First, a Cliff's Notes explanation of what I'm trying to do. I have an input file that can be up to 5 million lines long, with each line I am interested in (and the bulk of the file) formatted thusly:
{9999991234ff00aa},9999991234,1,"Y",0,0,{55760FFC56837F3E}
I need to grab field 2 (min), substring it to first 6 characters (NPANXX), and count the MINs that start with the NPANXX and output to 2 files that are both patterned as "NPANXX<space>MIN count" - one line per NPANXX record. File 1 is sorted by MIN, file 2 is sorted by count. Here's my code thus far:

#!/usr/bin/perl my %counts = (); my %list = (); my $keys; my $total; my $in = "BIGFILE.out.gz"; my $out_min = "npanxx_minsort.out"; my $out_cnt = "npanxx_cntsort.out"; my $debug_out = "Test.debug"; open IN, "/bin/gunzip -c $in |" or die "IN: $!\n"; open OUT_MIN, ">", "$out_min" or die "OUT_MIN: $!\n"; open OUT_CNT, ">", "$out_cnt" or die "OUT_CNT: $!\n"; open DEBUG, ">", "$debug_out" or die "DEBUG: $!\n"; print "Processing $in...\n"; $total = 0; while (<IN>) { chomp($_); next unless m/^{.*$/; my $min = (split ',')[1]; my $npanxx = substr($min, 0, 6); push (@{$list{$npanxx}}, $min); #LogToFile("Test.out", "$_ -> $min & $npanxx\n"); $counts{$npanxx} += 1; $total++; } print "$_ $counts{$_}\n" for (sort keys %counts); print "Total: $total\n"; print "Generating Flat Files...\n"; foreach $key (sort keys %counts) { print OUT_MIN "$key $counts{$key}\n"; } `echo "Total: $total" >> npanxx_minsort.out`; foreach $key (sort { $counts{$a} <=> $counts{$b} } keys %counts) { printf OUT_CNT "%-7s %s\n", $key, $counts{$key}; } `echo "Total: $total" >> npanxx_cntsort.out`; sub LogToFile { my ($file, $msg) = @_; my ($sec,$min,$hour,$mday,$mon,$year,$wday,$yday,$isdst) = loc +altime(time); $year += 1900; $mon += 1; if ($sec <= 9) { $sec = "0" . $sec; } if ($min <= 9) { $min = "0" . $min; } if ($hour <= 9) { $hour = "0" . $hour; } if ($mon <= 9) { $mon = "0" . $mon; } if ($mday <= 9) { $mday = "0" . $mday; } my $stamp = $year . "/" . $mon . "/" . $mday . " " . $hour . " +:" . $min . ":" . $sec; my $str = "[" . $stamp . "] " . $msg; open FILE, ">>", $file; print FILE $str; close FILE; }

Everything works awesome - it does EXACTLY what it's supposed to do... with one minor flaw. Turns out the KSH script this will replace is de-duping the MIN that's being captured prior to counting it. I have struggled with implementing something to perform the de-duping to solve this issue since yesterday and can't see the answer in my head to fix this. I think it's going to probably go as an "unless" next to "$counts{$npanxx} += 1" but I have tried about every permutation of code I can think of there and nothing works. I think it is my lack of understanding on that AoH situation.

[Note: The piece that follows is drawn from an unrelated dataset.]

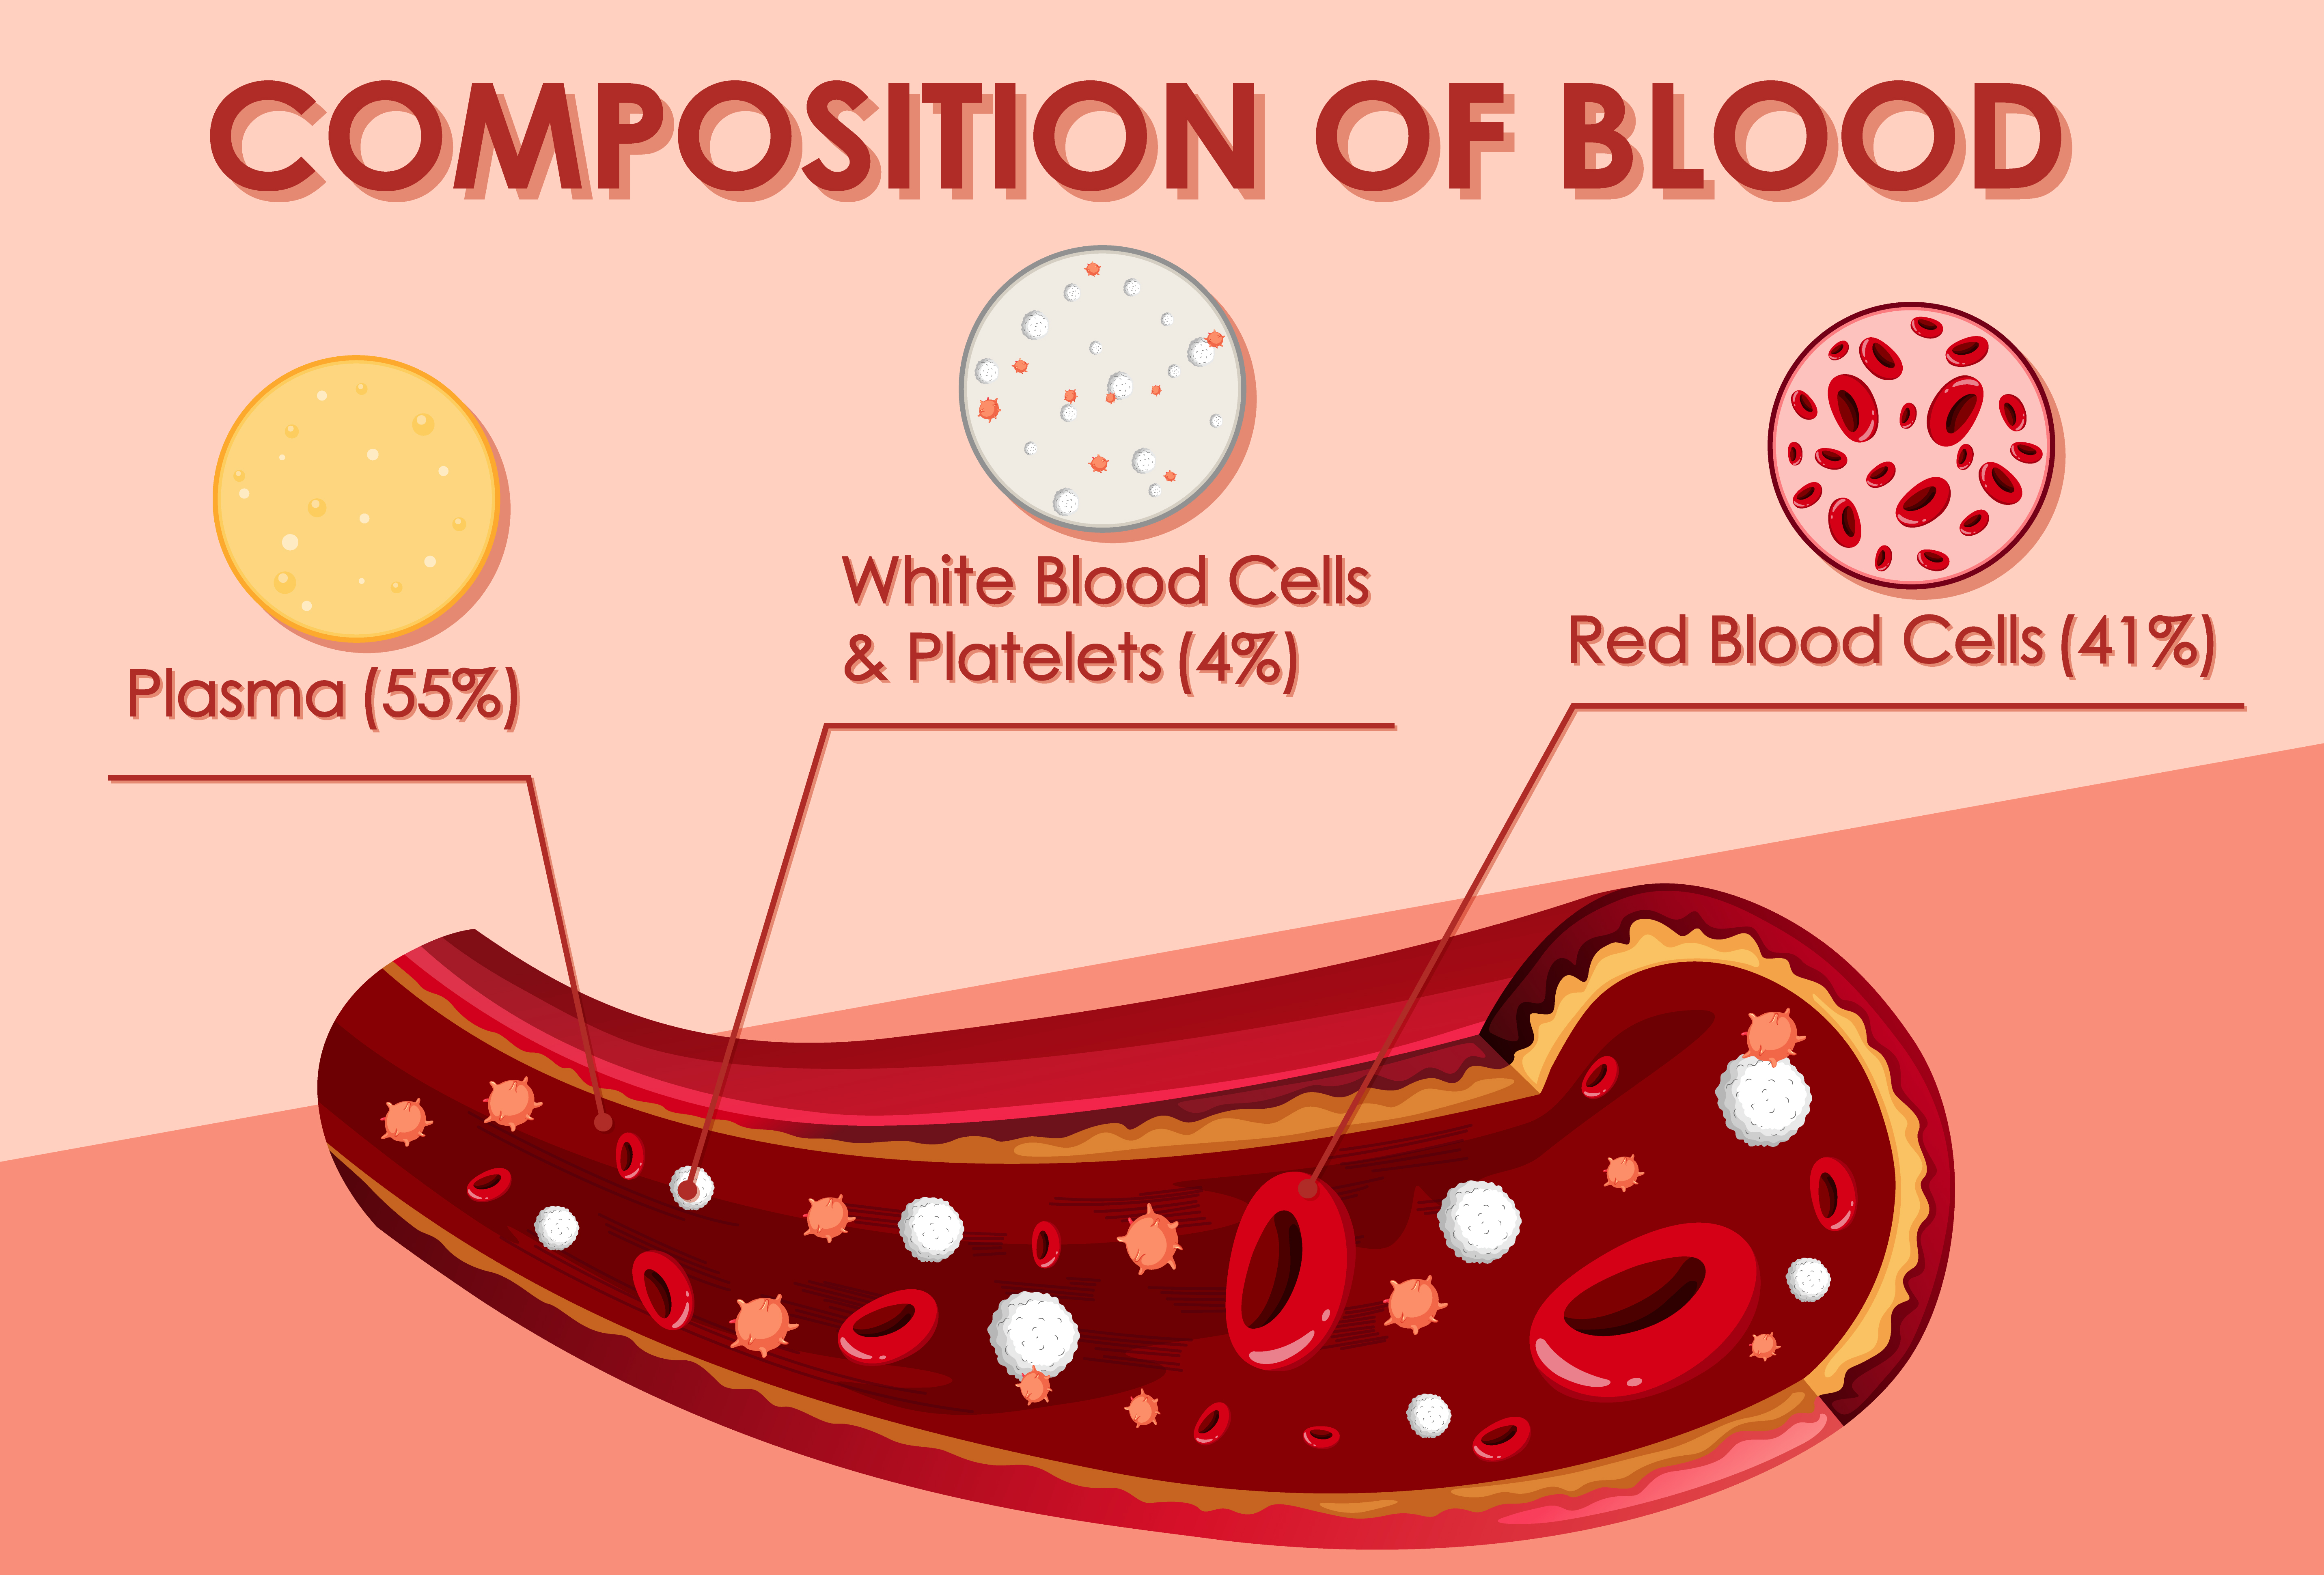 Hemoglobin red blood cell

I would be very grateful to anyone who can get me to the right place on this one. Once this issue is resolved, I can move onto something else... LOL!!!!

Thanks all, as always!!

Replies are listed 'Best First'.
Re: Find If Value Exists In Array Of Hashes
by NetWallah (Canon) on Aug 10, 2014 at 05:58 UTC
    • You seem to be collecting info in %list, but never use it. Why bother ?
    • You will need to explain what you mean by "de-duping the MIN that's being captured prior to counting it". The hash %count, by it's very nature, de-dupes the key. Perhaps an example of what the ksh does that your code does not, would help.

            Profanity is the one language all programmers know best.

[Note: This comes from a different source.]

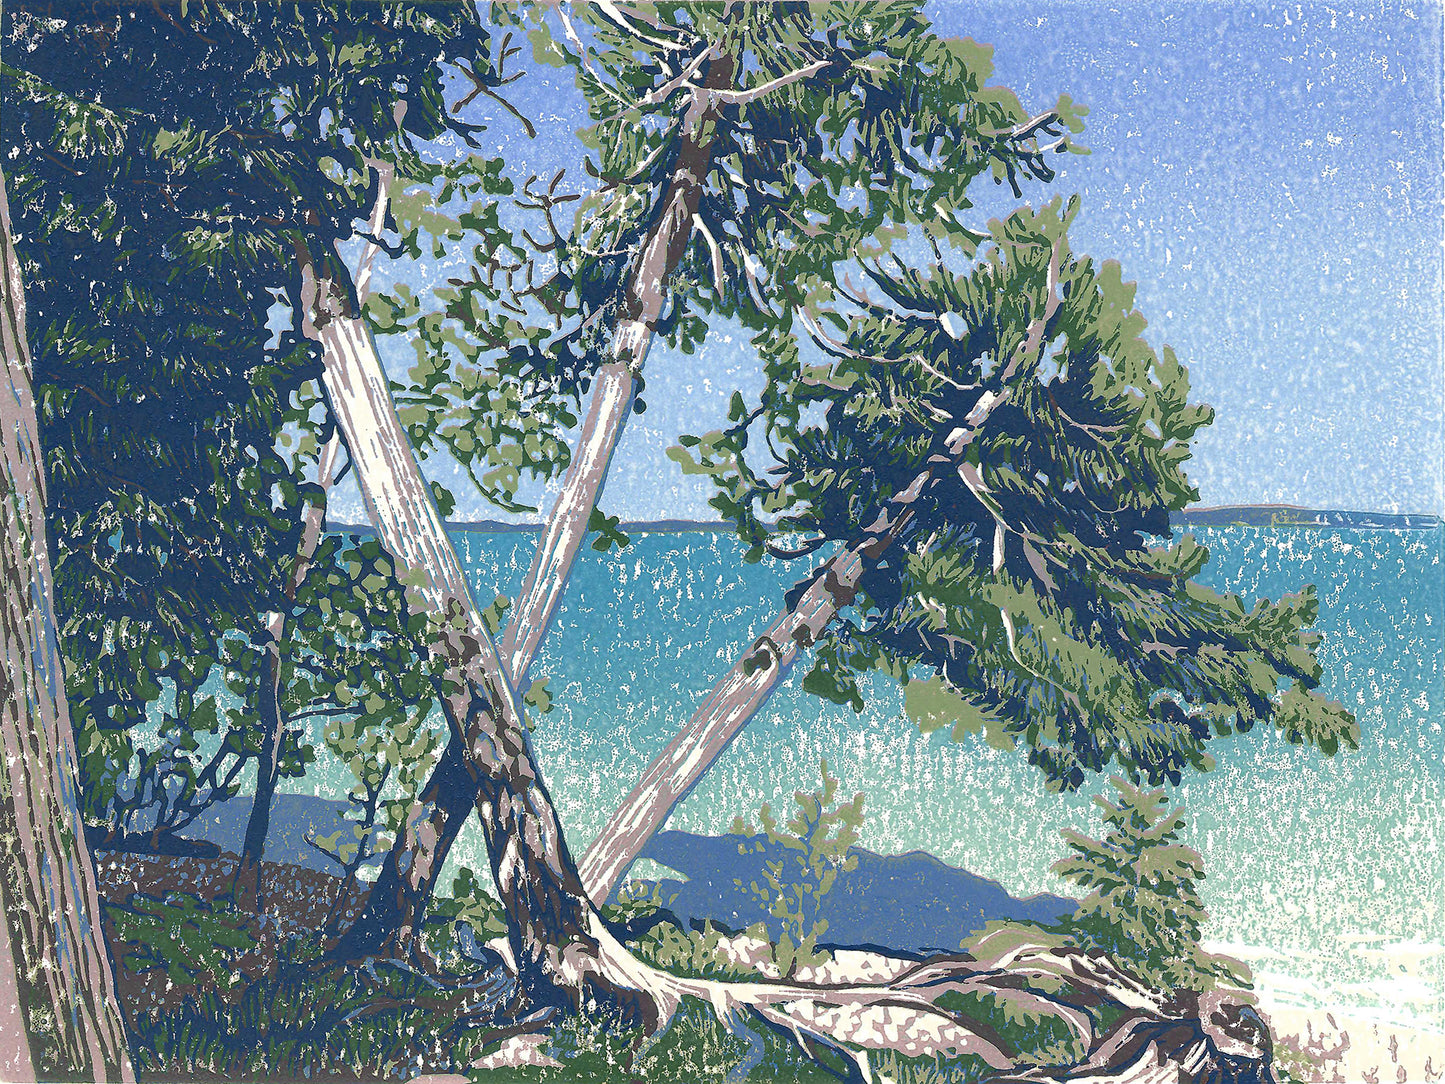 Cedar Beach Blank Greeting Card by Natalia Wohletz of Peninsula Prints.

      Thanks NetWallah for the questions. While getting sample data to answer them, I noticed there is a way to de-dup built right into the data stream lines (field 4, the "Y" in my sample, has to be "Y" -> if it's "N", it's a duplicate). If you wouldn't have asked for clarification, I never would have seen that!!

      Thank you so much for leading me to a FAR simpler solution than I imagined!!!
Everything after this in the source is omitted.